__Problem description__: In the records that follow, find the line containing "Cavalinho All In" and the line containing "Piglet in Bed", then transcribe both and every line between them exactly, omitting pictures.

__Provided data__:

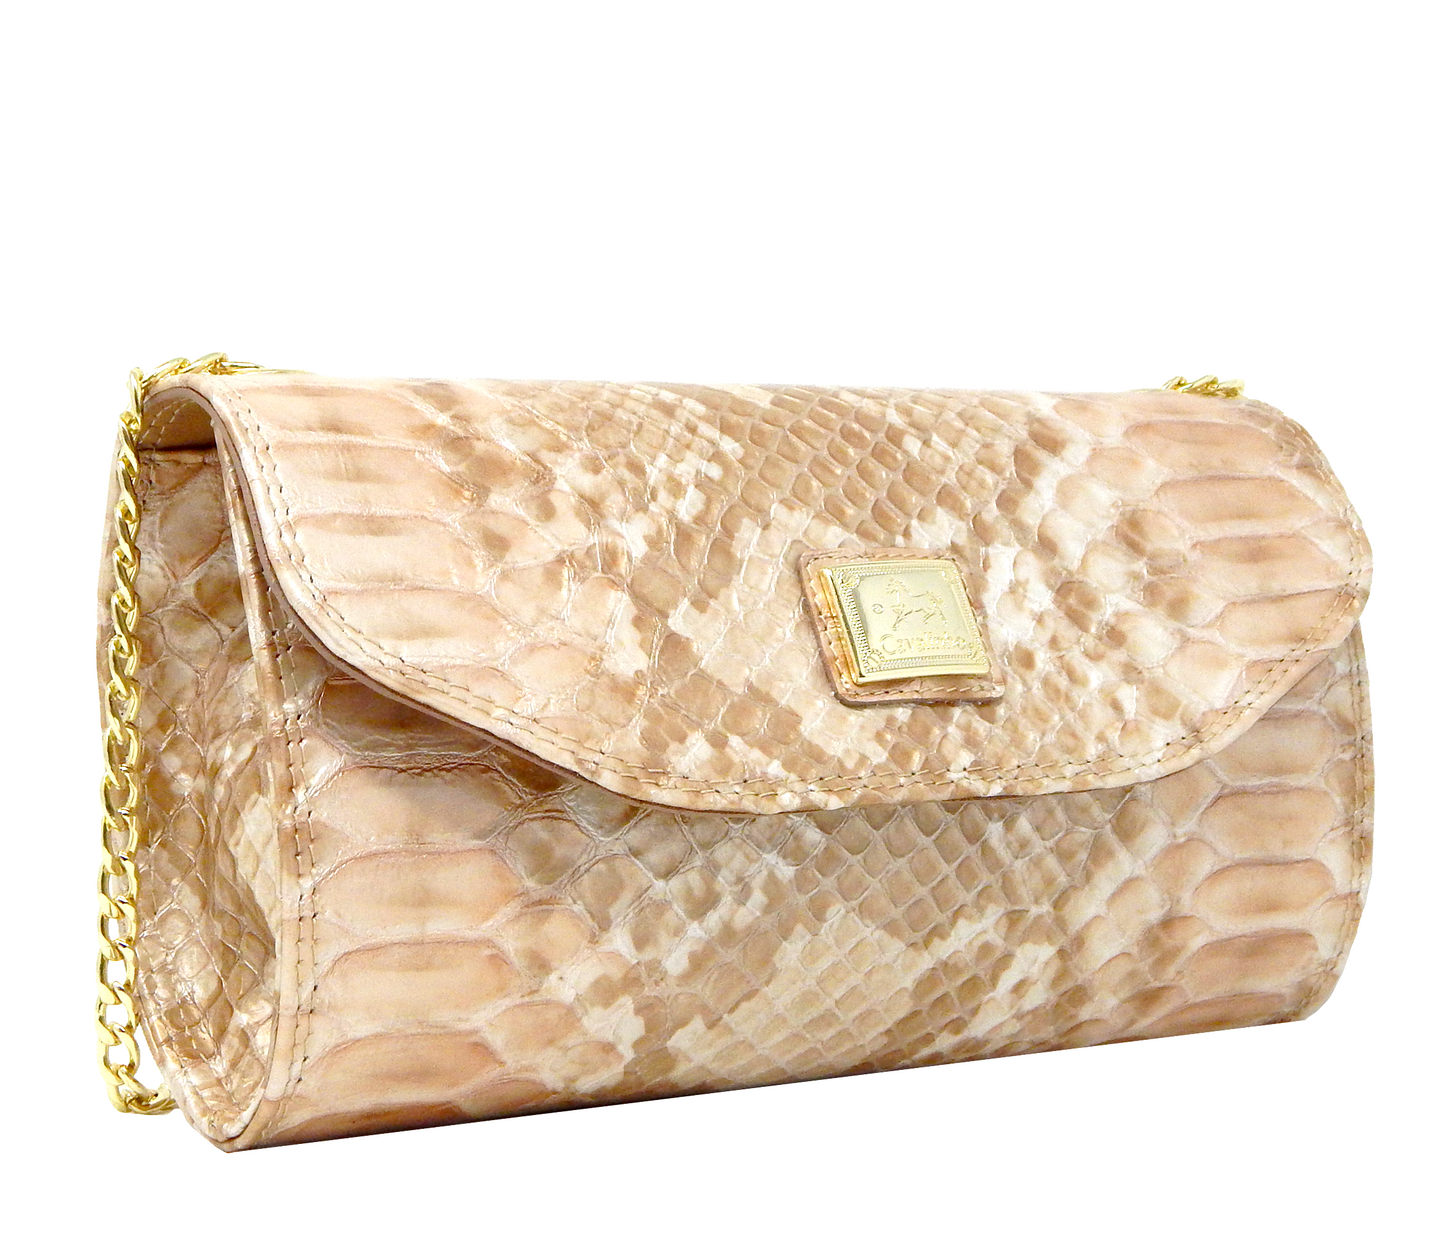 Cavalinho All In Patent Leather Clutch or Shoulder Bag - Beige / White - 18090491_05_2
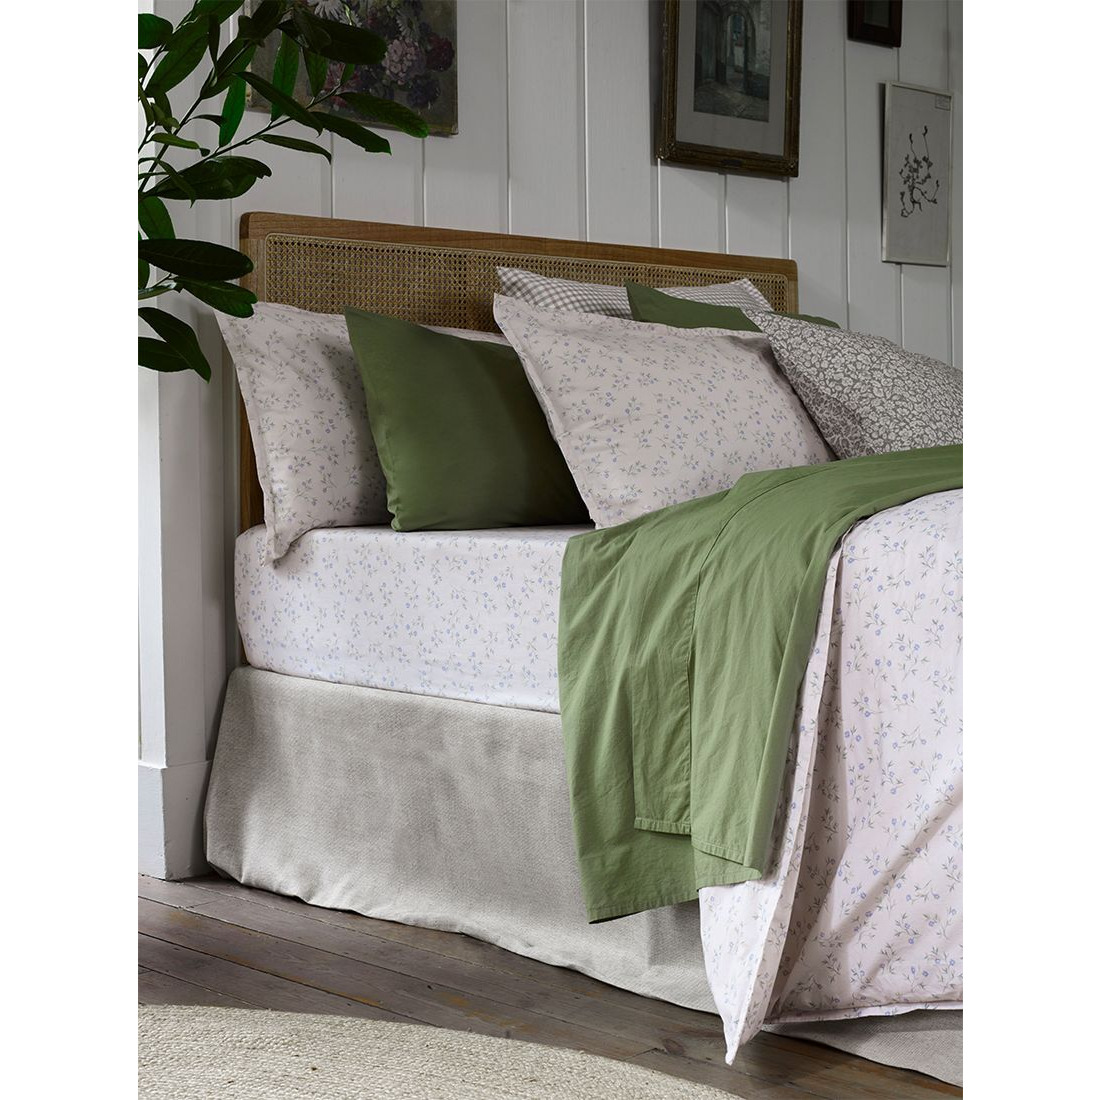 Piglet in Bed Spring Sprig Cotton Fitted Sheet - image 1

---

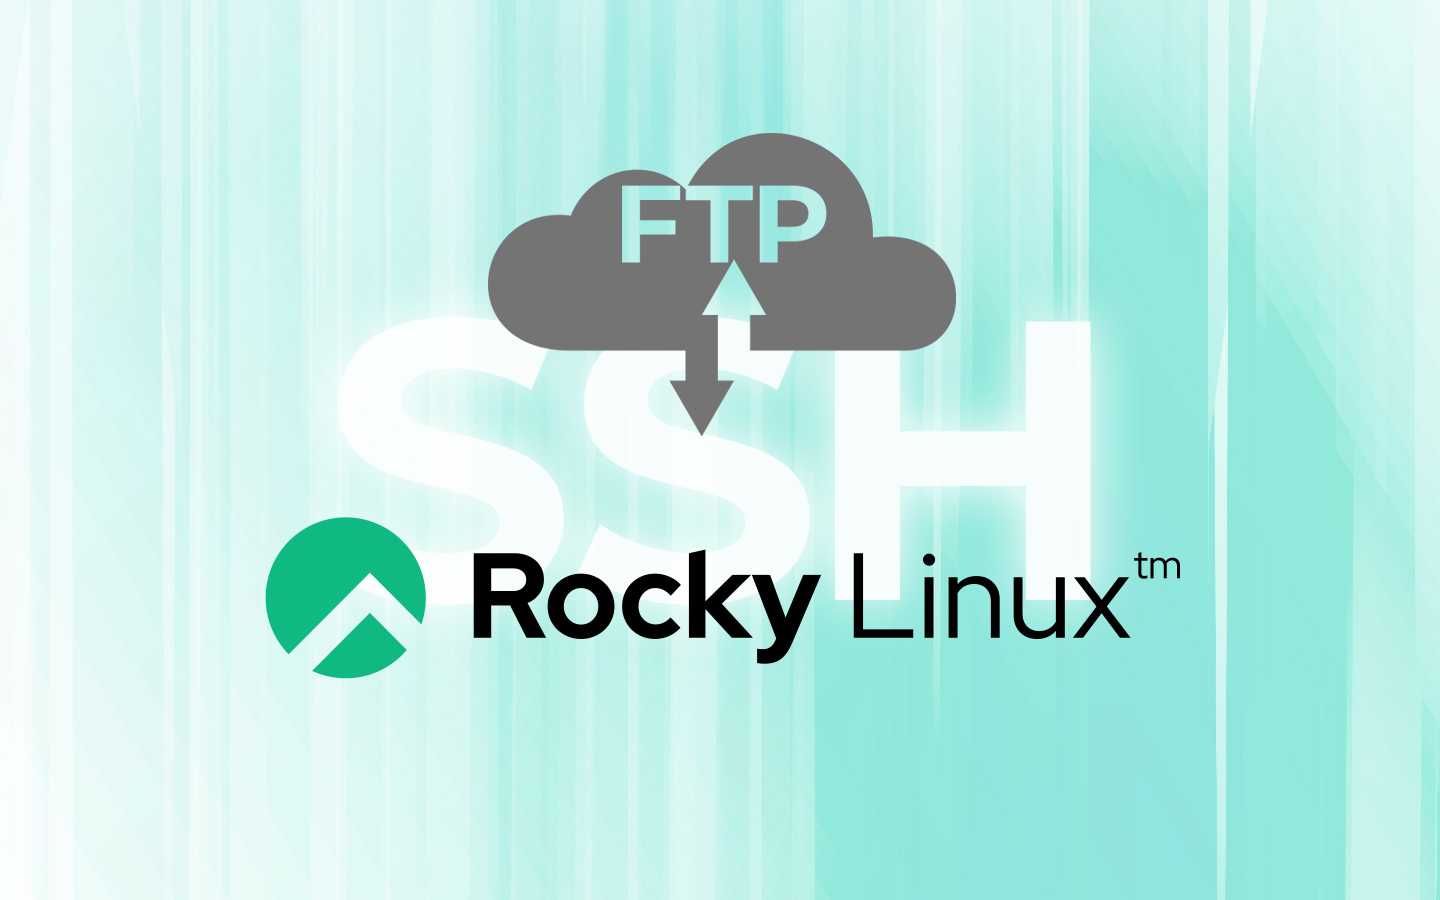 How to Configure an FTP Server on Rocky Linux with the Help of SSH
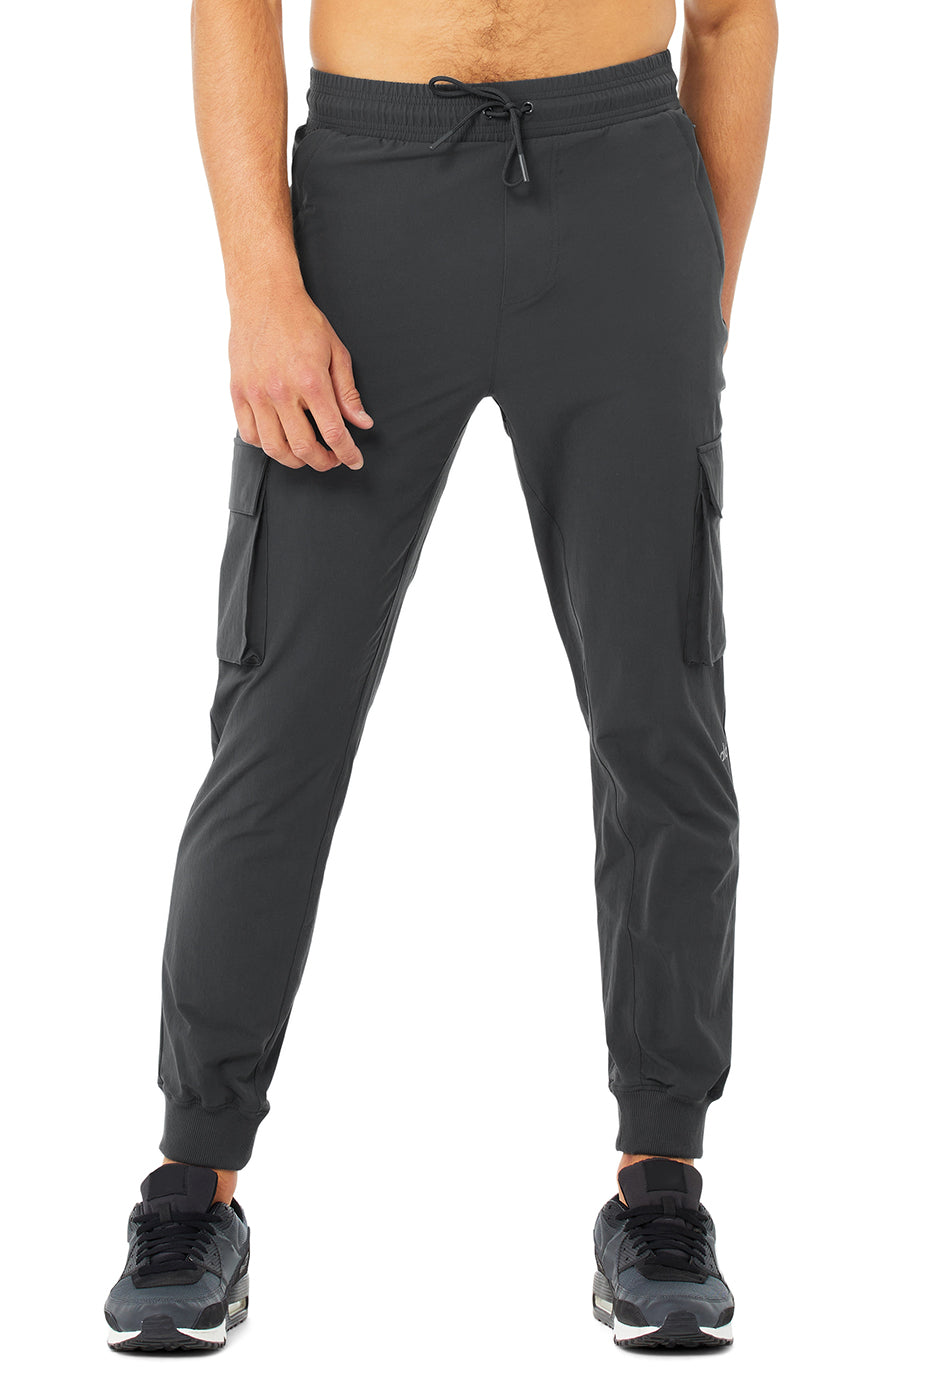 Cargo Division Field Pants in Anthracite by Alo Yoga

---

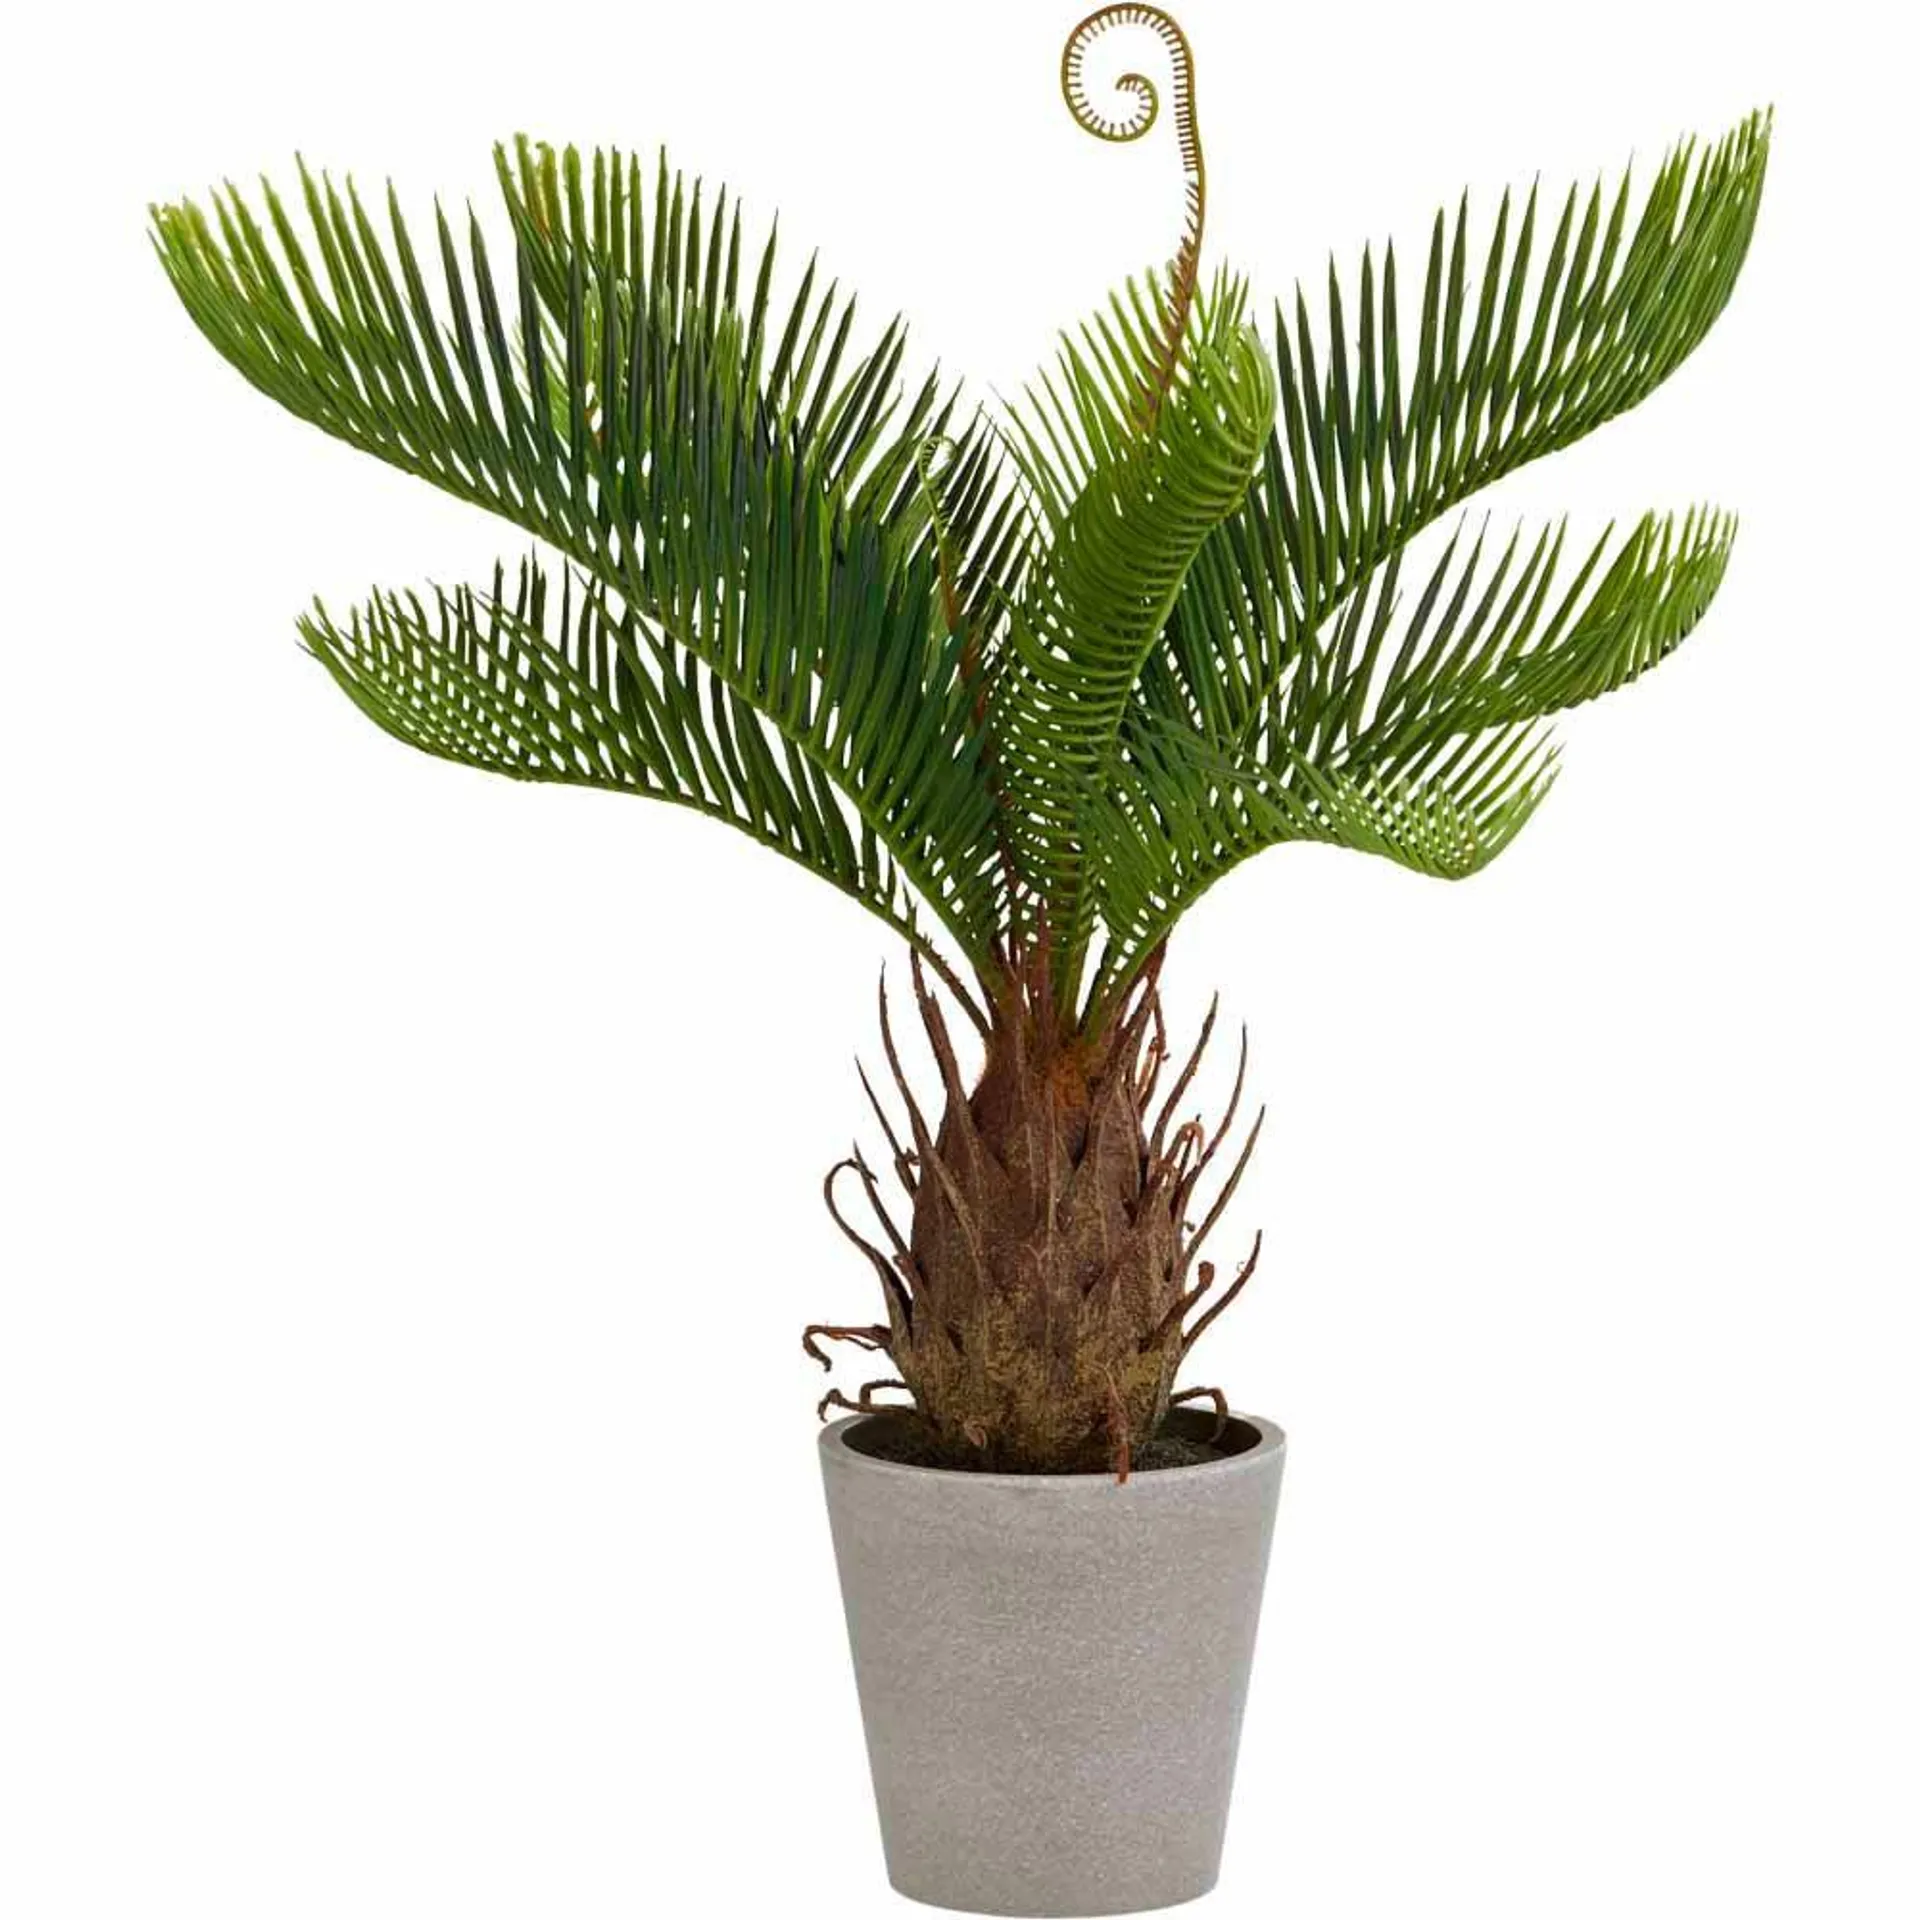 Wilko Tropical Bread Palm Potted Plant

__Solution for this exercise__:
 Cavalinho All In Patent Leather Clutch or Shoulder Bag - Beige / White - 18090491_05_2
 Piglet in Bed Spring Sprig Cotton Fitted Sheet - image 1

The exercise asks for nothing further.